Dylan listed Ginsberg amongst his favourite poets, along with WC Fields, Charlie Rich, Smokey Robinson and the trapeze family from the circus. (In actual fact a pretty good summation of Dylan's aesthetic.)
telltale wrote:
In the thread on Visions of Johanna, the influence of Ginsberg's great recasting of the Mourner's Kaddish upon that song has been highlighted by rimbaud. Certainly the influence of Kaddish on Sad Eyed Lady is aglow & apparent :
with your eyes of Russia/with your eyes of no money ... with your eyes of your failure at the piano/with your eyes of your relatives in California/with your eyes of Ma Rainey dying in an ambulance/with your eyes of Czechoslovakia attacked by robots
into
with your mercury mouth in the missionary times/and your eyes like smoke and your prayers like rhymes ... with your childhood flames on your midnight rug/and your Spanish manners and your mother's drugs ... with your saintlike face/and your ghostlike soul
where rhythmic biographical cataloguing is used to commemorate a life -
but in Sad Eyed Lady's case it commemorates a life that's still being lived.
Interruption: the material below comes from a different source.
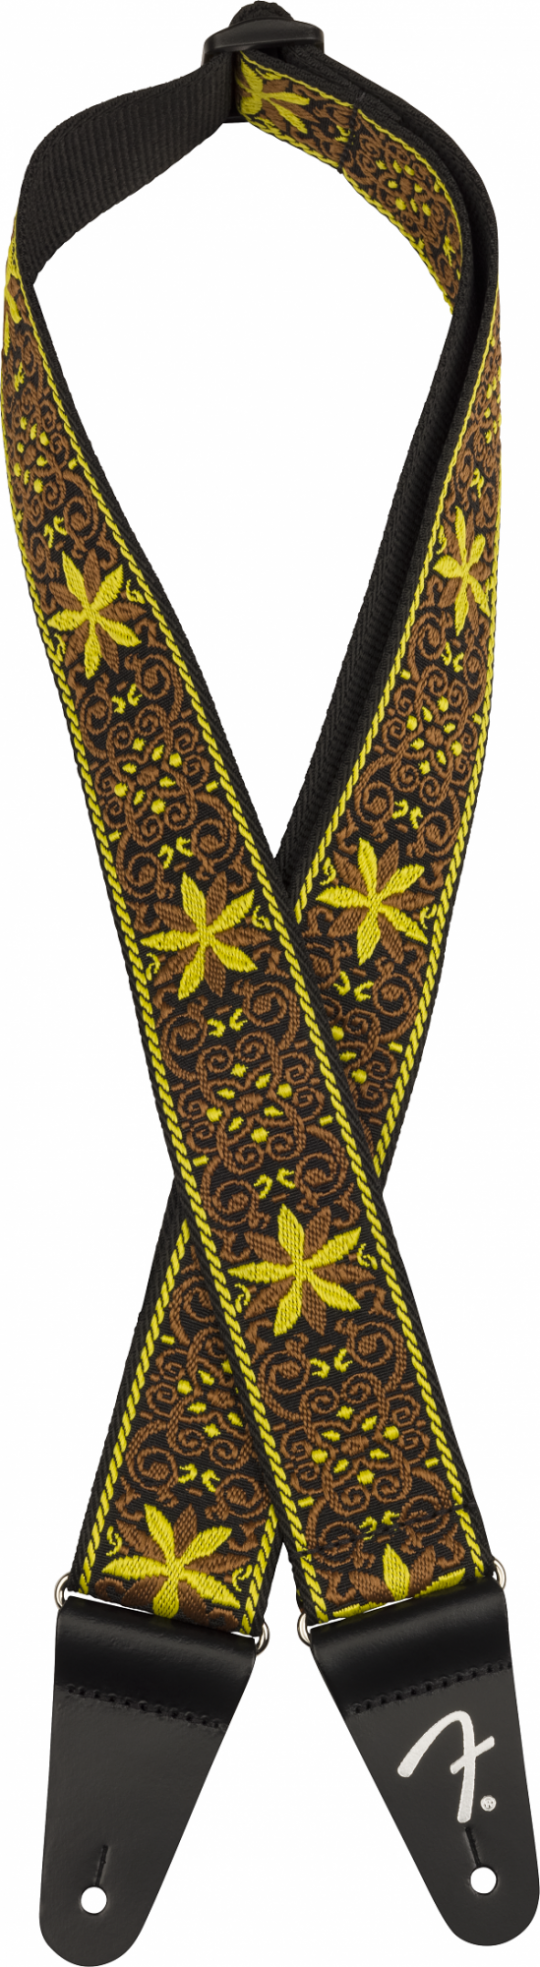 fender-pasadena-strap-yellow-wallflower-1676458754.png

In fact, Sad Eyed Lady, for all its lyrical memoralising, for all its elegiac feel, is an anti-Kaddish.
I think Dylan may have been inspired by Ginsberg's poem about mortality into a direct and appropriately imaginative response : a prayer to immortality - Oh, who among them do they think could bury you? Who among them do they think could carry you? Oh, who among them do you think could destroy you?